The effect of the macrophage migration inhibitory factor (MIF) on excisional wound healing in vivo.
J Plast Surg Hand Surg. 2020 Apr 11:1-8. doi: 10.1080/2000656X.2019.1710710. [Epub ahead of print]
|Authors/Editors:||Kim BS, Breuer B, Arnke K, Ruhl T, Hofer T, Simons D, Knobe M, Ganse B, Guidi M, Beier JP, Fuchs PC, Pallua N, Bernhagen J, Grieb G.|
Background: The macrophage migration inhibitory factor (MIF) has been determined as a cytokine exerting a multitude of effects in inflammation and angiogenesis. Earlier studies have indicated that MIF may also be involved in wound healing and flap surgery.
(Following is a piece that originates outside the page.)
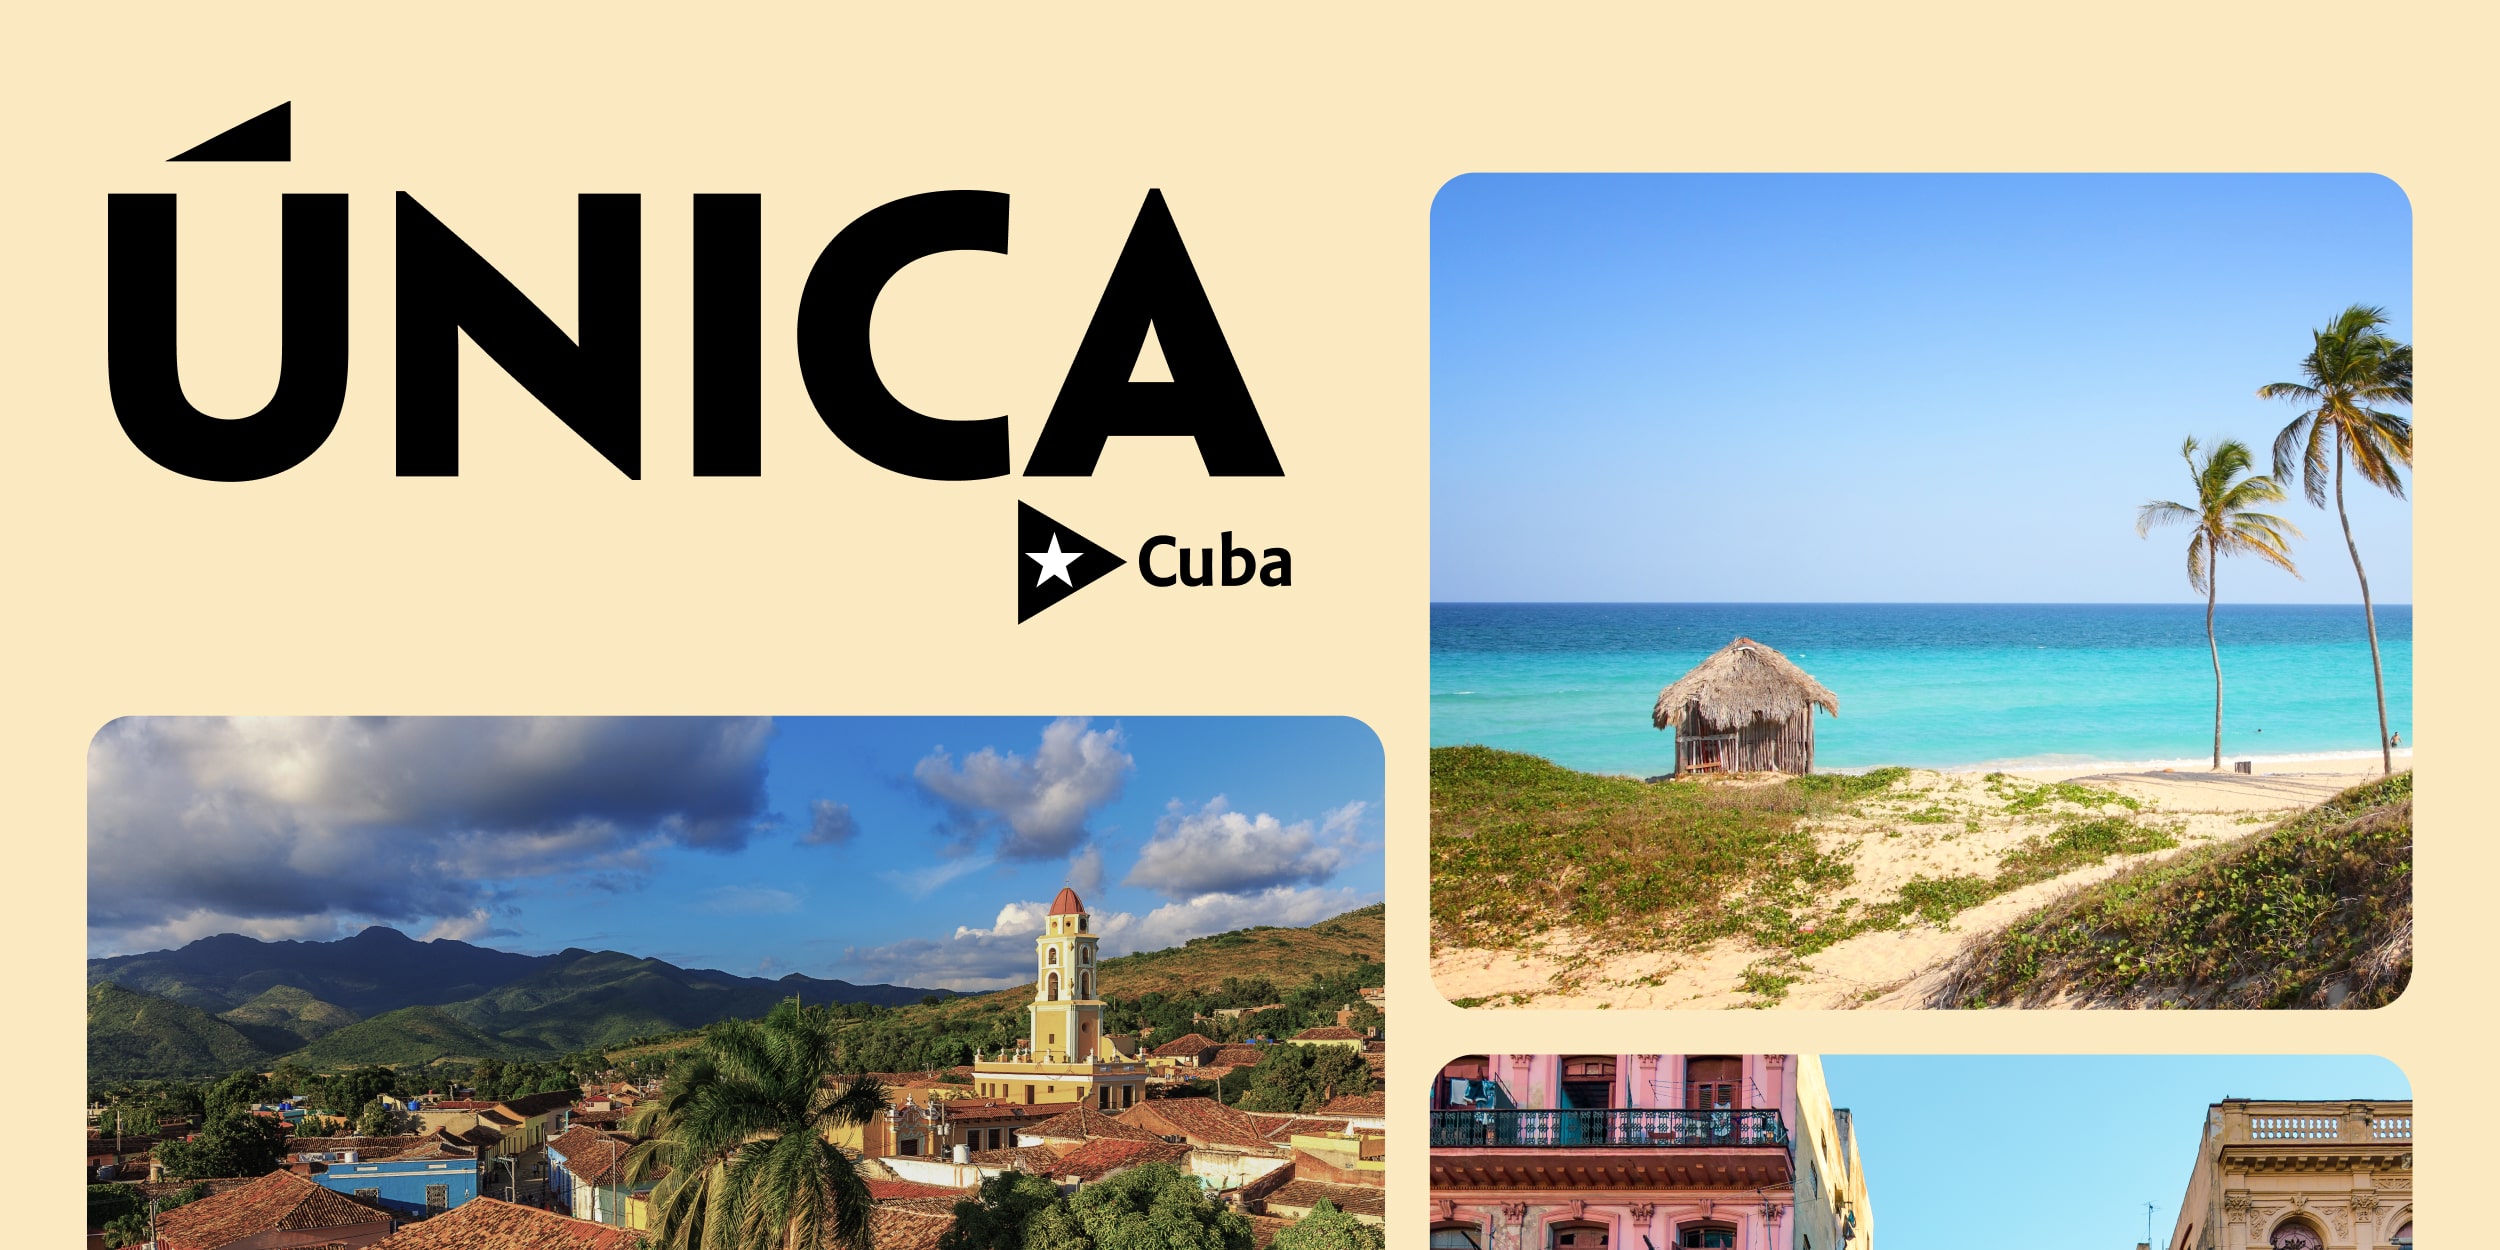 Cuba Unica. Почему стоит съездить на Кубу хотя бы раз в жизни
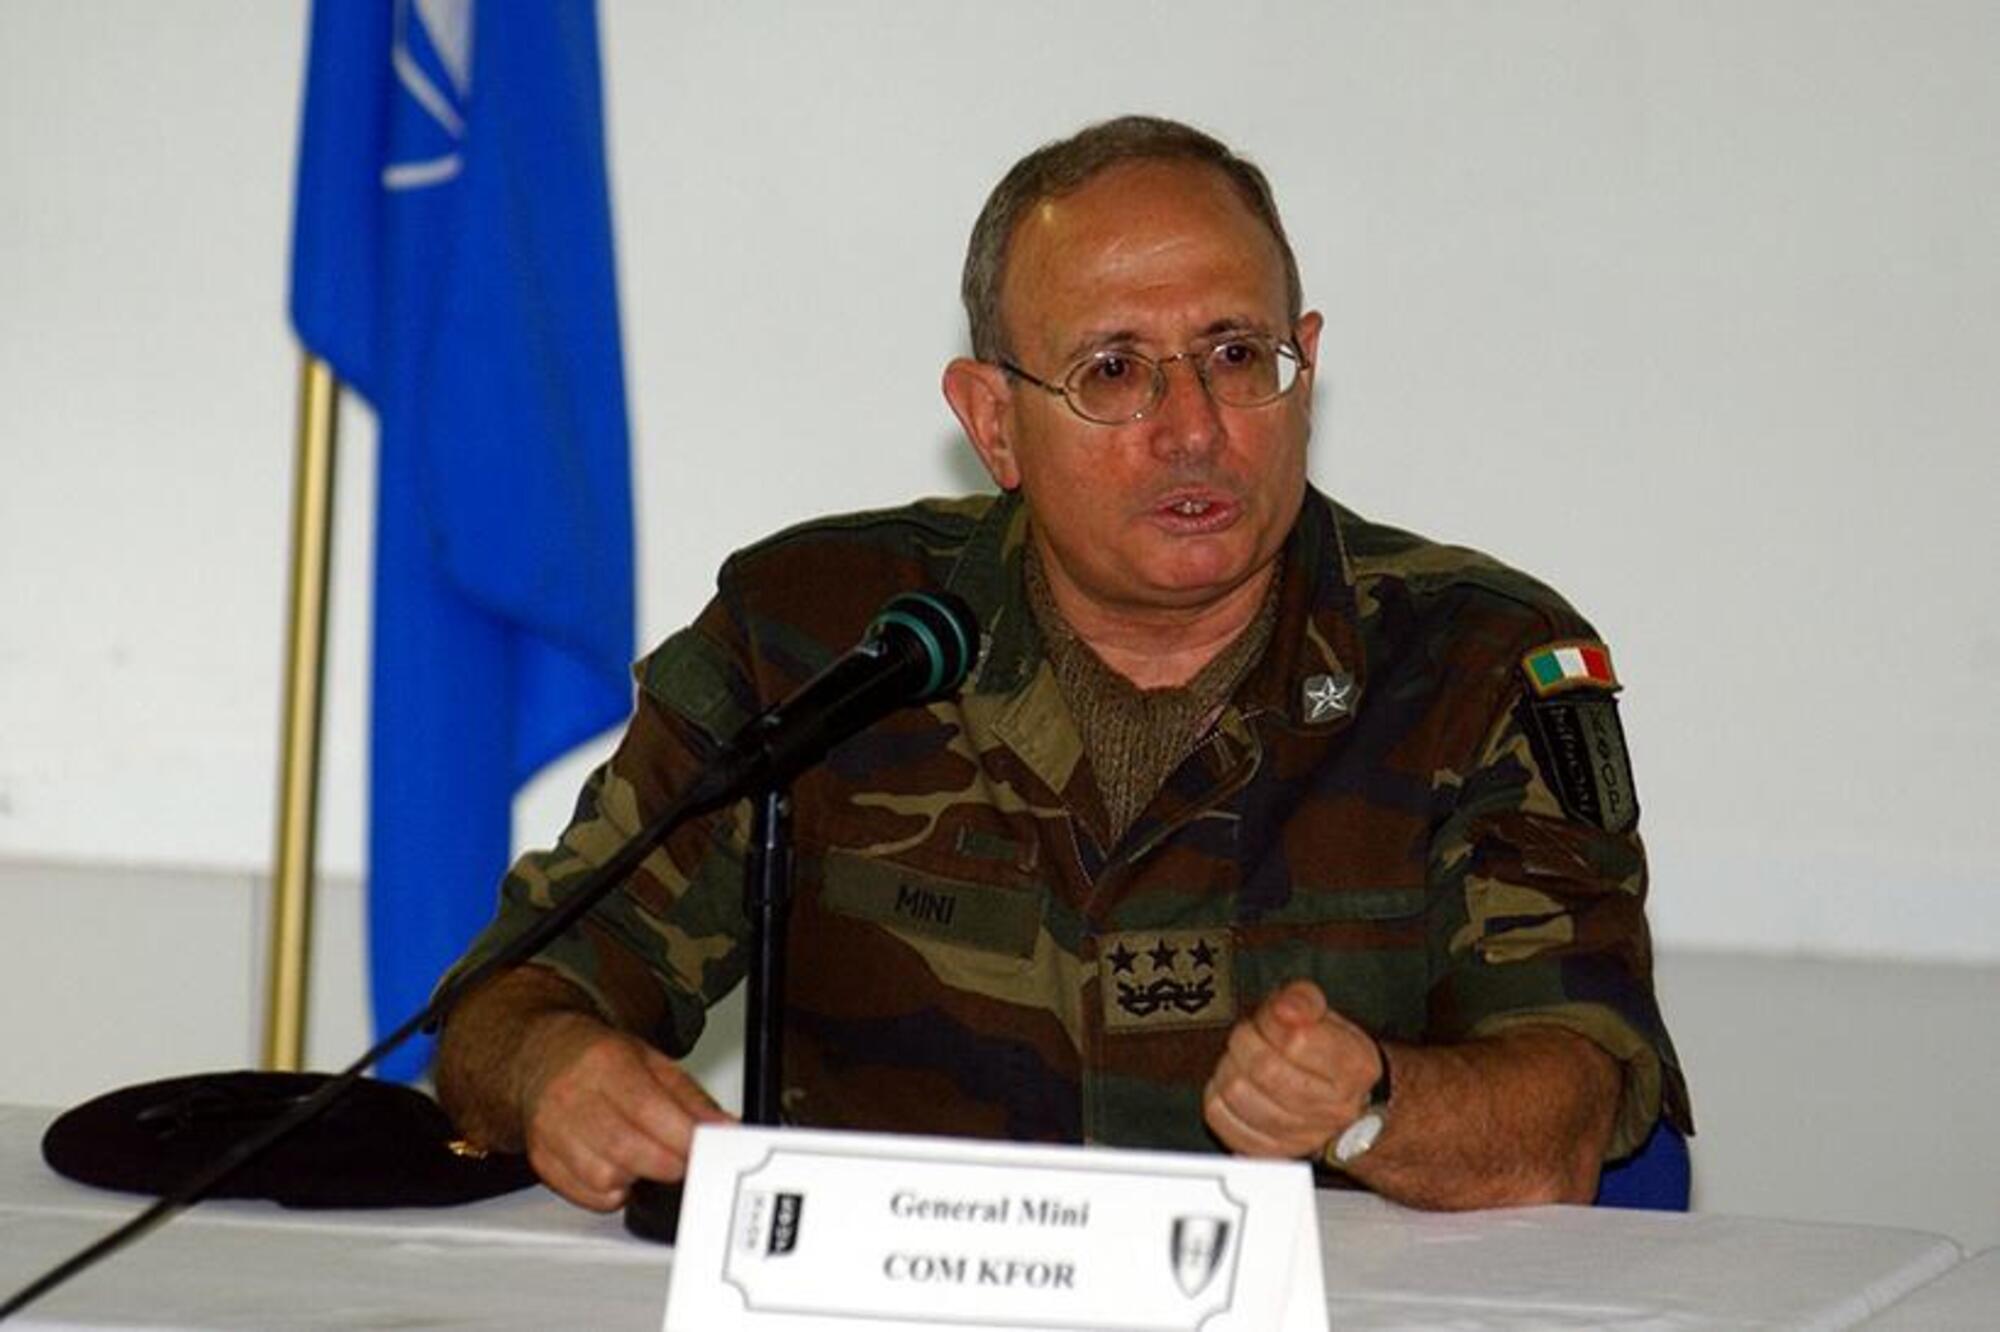 Il generale Fabio Mini

Methods: We investigated the effect of MIF in an excisional wound model in wildtype, Mif-/- and recombinant MIF treated mice. Wound closure rates as well as the macrophage marker Mac-3, the pro-inflammatory cytokine tumor necrosis factor α (TNFα) and the pro-angiogenic factor von Willebrand factor (vWF) were measured. Finally, we used a flap model in Mif-/- and WT mice with an established perfusion gradient to identify MIF’s contribution in flap perfusion. Results: In the excision wound model, we found reduced wound healing after MIF injection, whereas Mif deletion improved wound healing. Furthermore, a reduced expression of Mac-3, TNFα and vWF in Mif-/- mice was seen when compared to WT mice. In the flap model, Mif-/- knockout mice showed mitigated flap perfusion with lower hemoglobin content and oxygen saturation as measured by O2C measurements when compared to WT mice.
Conclusions: Our data suggest an inhibiting effect of MIF in wound healing with increased inflammation and perfusion. In flaps, by contrast, MIF may contribute to flap vascularization.